[Data segment Boundary: Start]

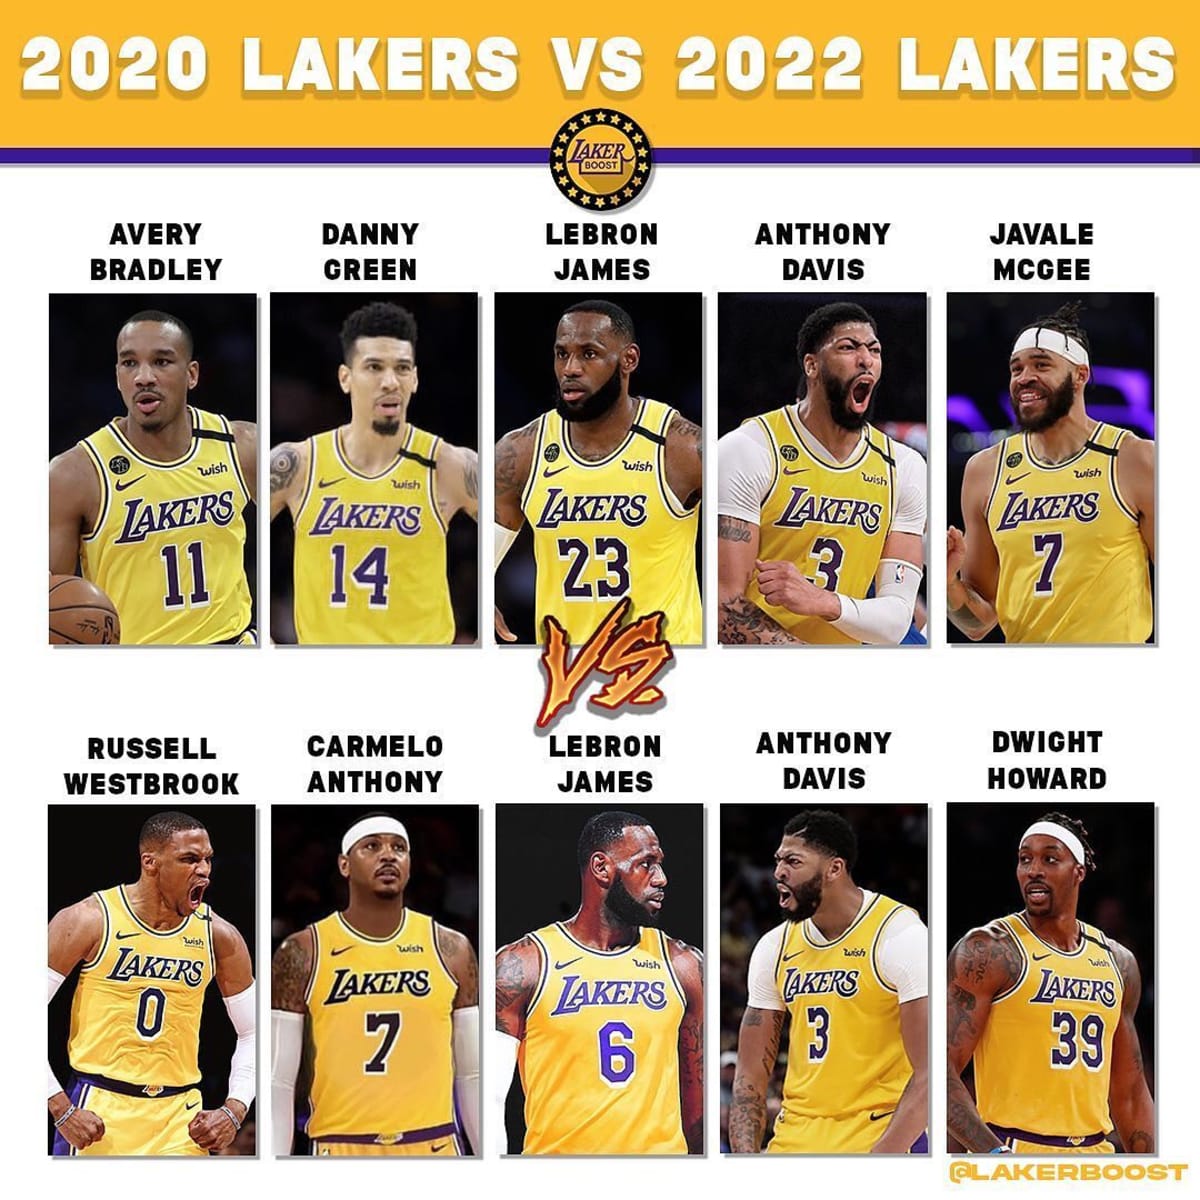 angeles lakers roster
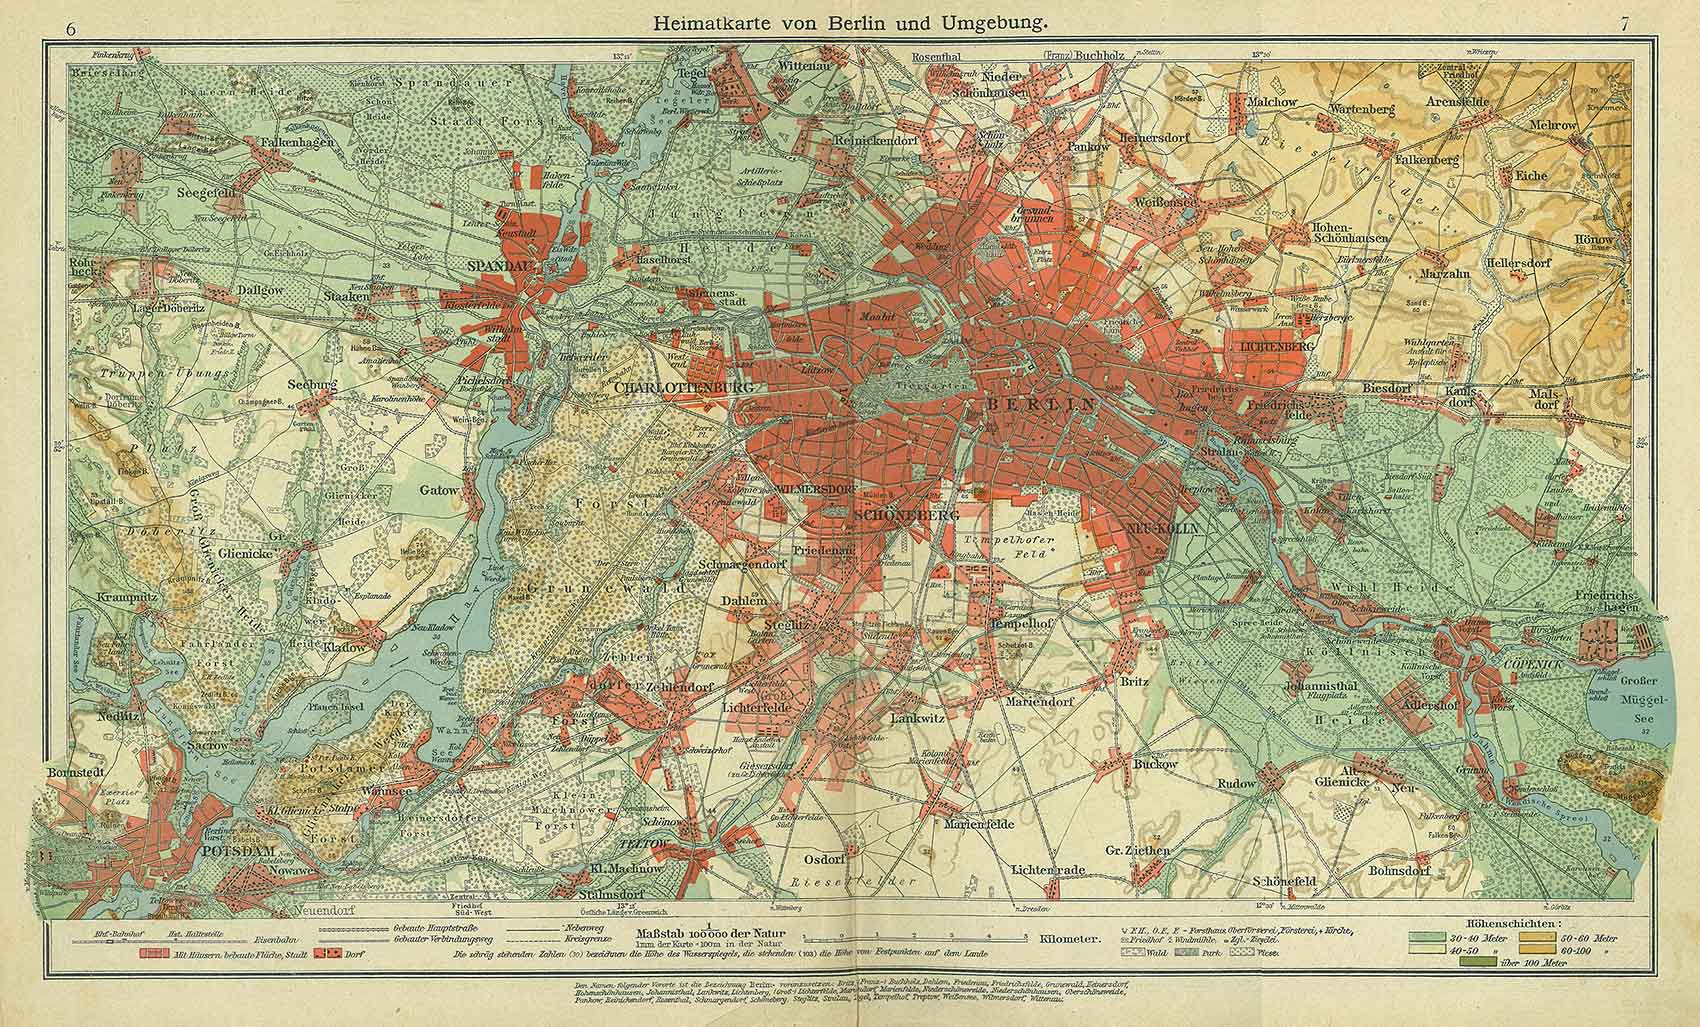 Berlin and its environs, Andrees 'Berliner Schul-Atlas', 1916, pages 6 to 7, published size to print borders 43.84 cm wide by 26.17 cm high.
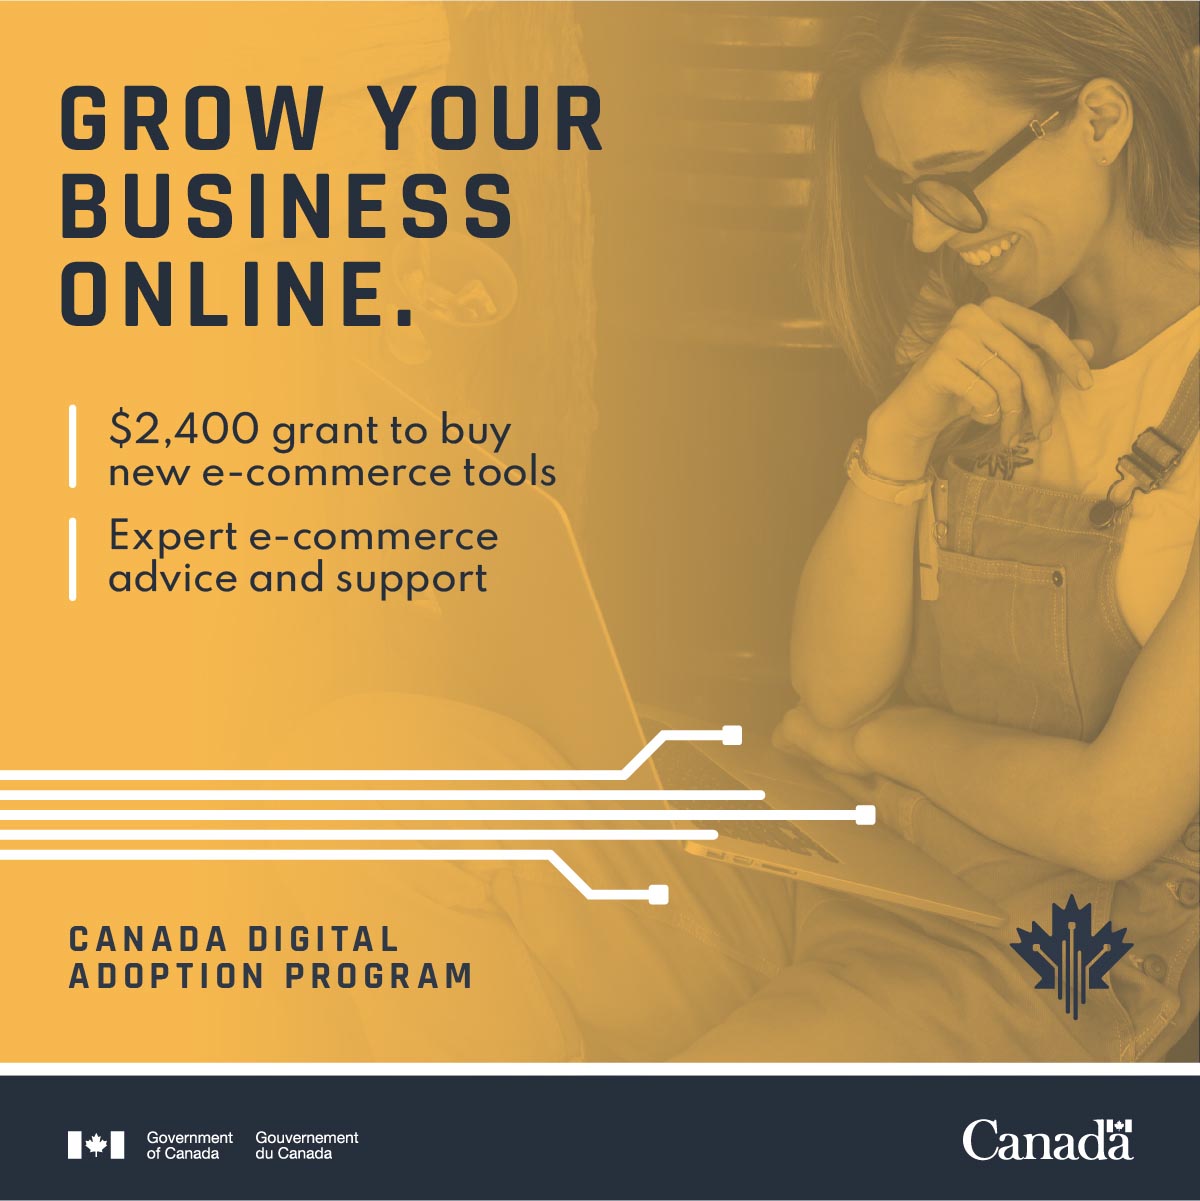 Grow Your Business Online. $2,400 grant to buy new e-commerce tools. Expert e-commerce advice and support. Canada Digital Adoption Program

[Data segment Boundary: End]

* Exercise description:
Retype each line above precisely, please. Skip anything that is a picture.

* Response:
 angeles lakers roster
 Berlin and its environs, Andrees 'Berliner Schul-Atlas', 1916, pages 6 to 7, published size to print borders 43.84 cm wide by 26.17 cm high.
 Grow Your Business Online. $2,400 grant to buy new e-commerce tools. Expert e-commerce advice and support. Canada Digital Adoption Program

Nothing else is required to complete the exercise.